2) Fail-fast logic. Your code reads down the page; when an error is
encountered to jump (goto) a cleanup block at the end of the function.
Your code never indents for error codes, only for non-error branches.
Although the only return is at the end of the function this is a
consequence of the lack of try/finally syntax - in effect each 'goto' is
a point of return.
If you've never encountered non-trivial functions written in these two
styles, I suggest you take a look. The latter is (by my reckoning and
that of all experienced developers I've worked with) far more readable,
understandable and maintainable. YMMV, as may your opinion.

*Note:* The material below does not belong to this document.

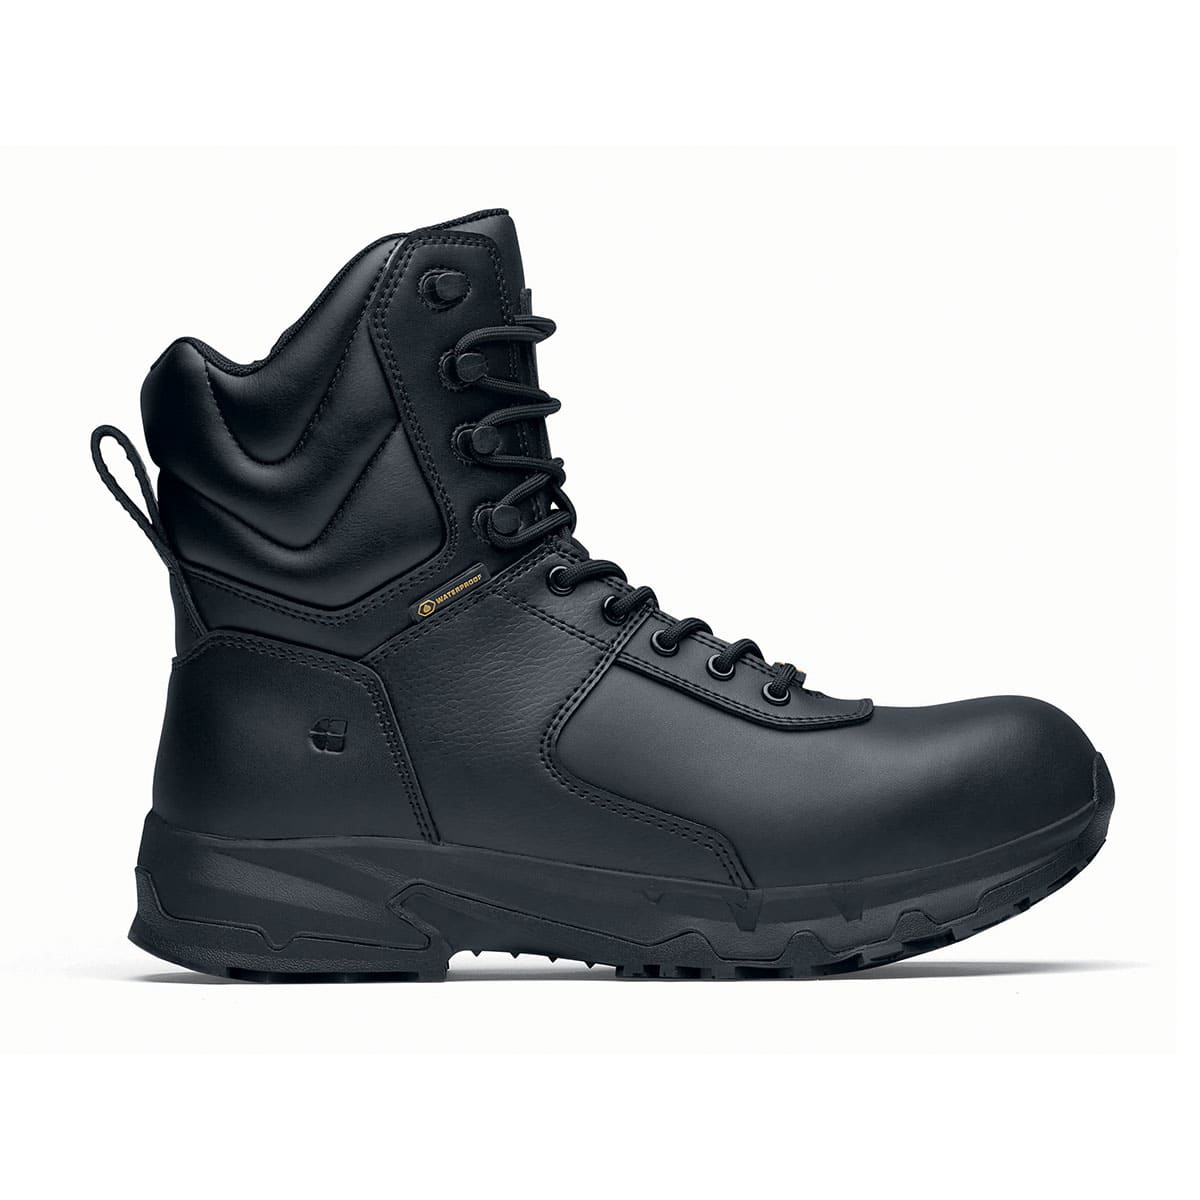 The Guard High from Shoes For Crews are waterproof slip-resistant safety boots with a safety toe cap, seen from the right.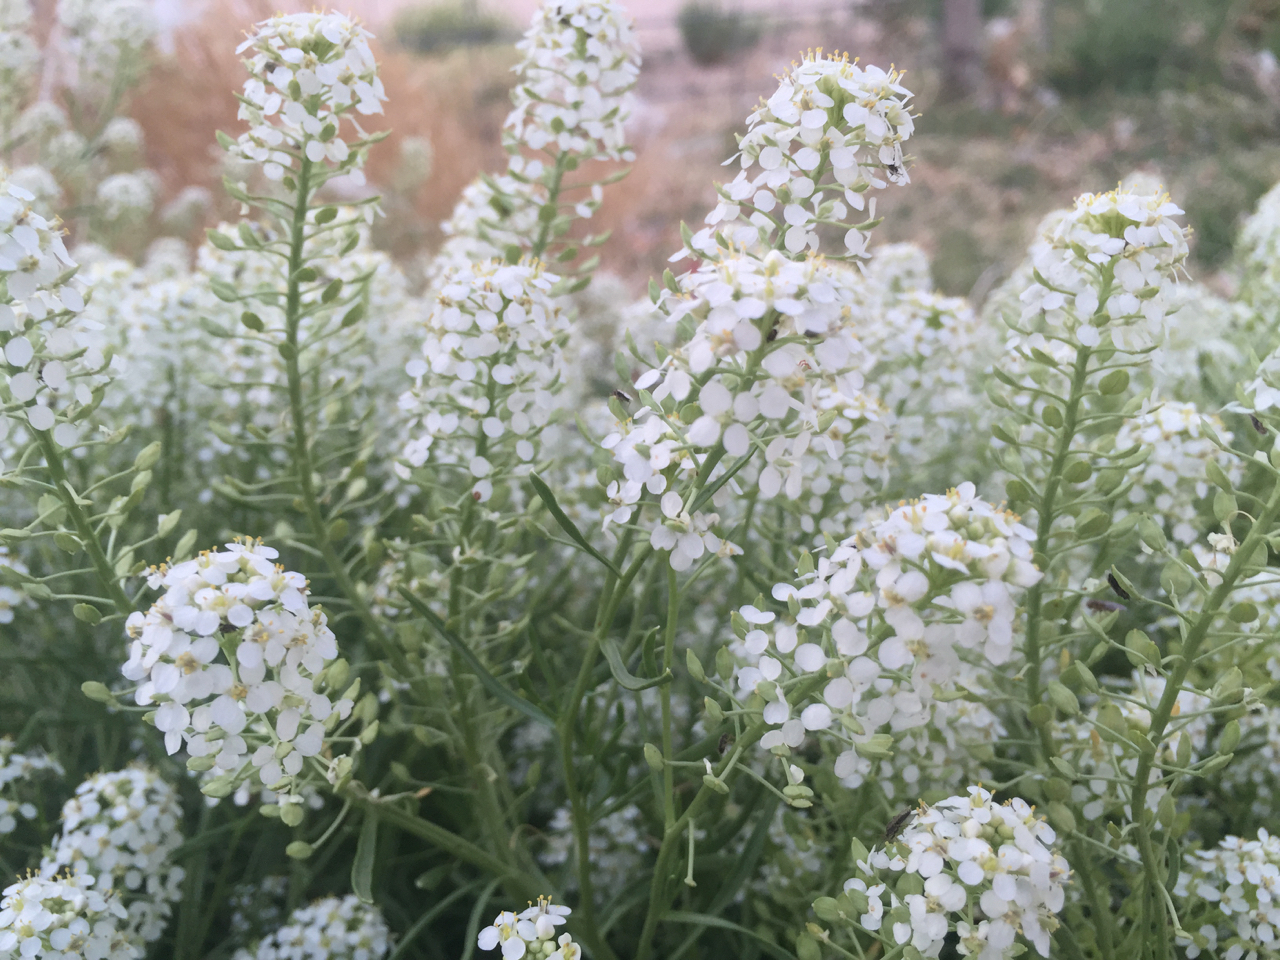 Close up of white flowered stems

The whole point of exception handling (by which I mean
Java/C++/Python/Ruby/whatever, not Tcl's
use-a-return-code-for-flow-control) is to support the fail-fast paradigm
in conjunction with not having to explicitly check for failure on each
call (exceptions branch the flow at the point of the call and propagate
up the stack). If your code must still be deeply nested in order to
(safely) handle cleanup then are you really gaining anything from
exception handling? Your code remains visually complex, and the benefit
of the new syntax is limited.
Looking at this another way, you _could_ use nested try/finally clauses
in Java, C++, etc. to avoid the common bugs in finally clauses (freeing
an unallocated resource, not handling exceptions off resource
deallocation leading to dangling resources) but _developers don't_. It
could be laziness, incompetence, lack of care, lack of testing, not
having been caught by the bugs enough, not being aware of the problem,
or simply that its too much of a pain to do it properly. I don't know
for sure, but from my interactions with developers in my company I'm
leaning towards the last reason.
> There has been a longstanding desire that people [*] make
> better use of -errorcode, but there's a vicious cycle:
> nobody bothers to use meaningful -errorcodes because nobody
> bothers to check -errorcode because there's no convenient
> way to do so.
>
> try/onerror would at least break that part of the cycle.
>
This is the intention of the TIP, yes.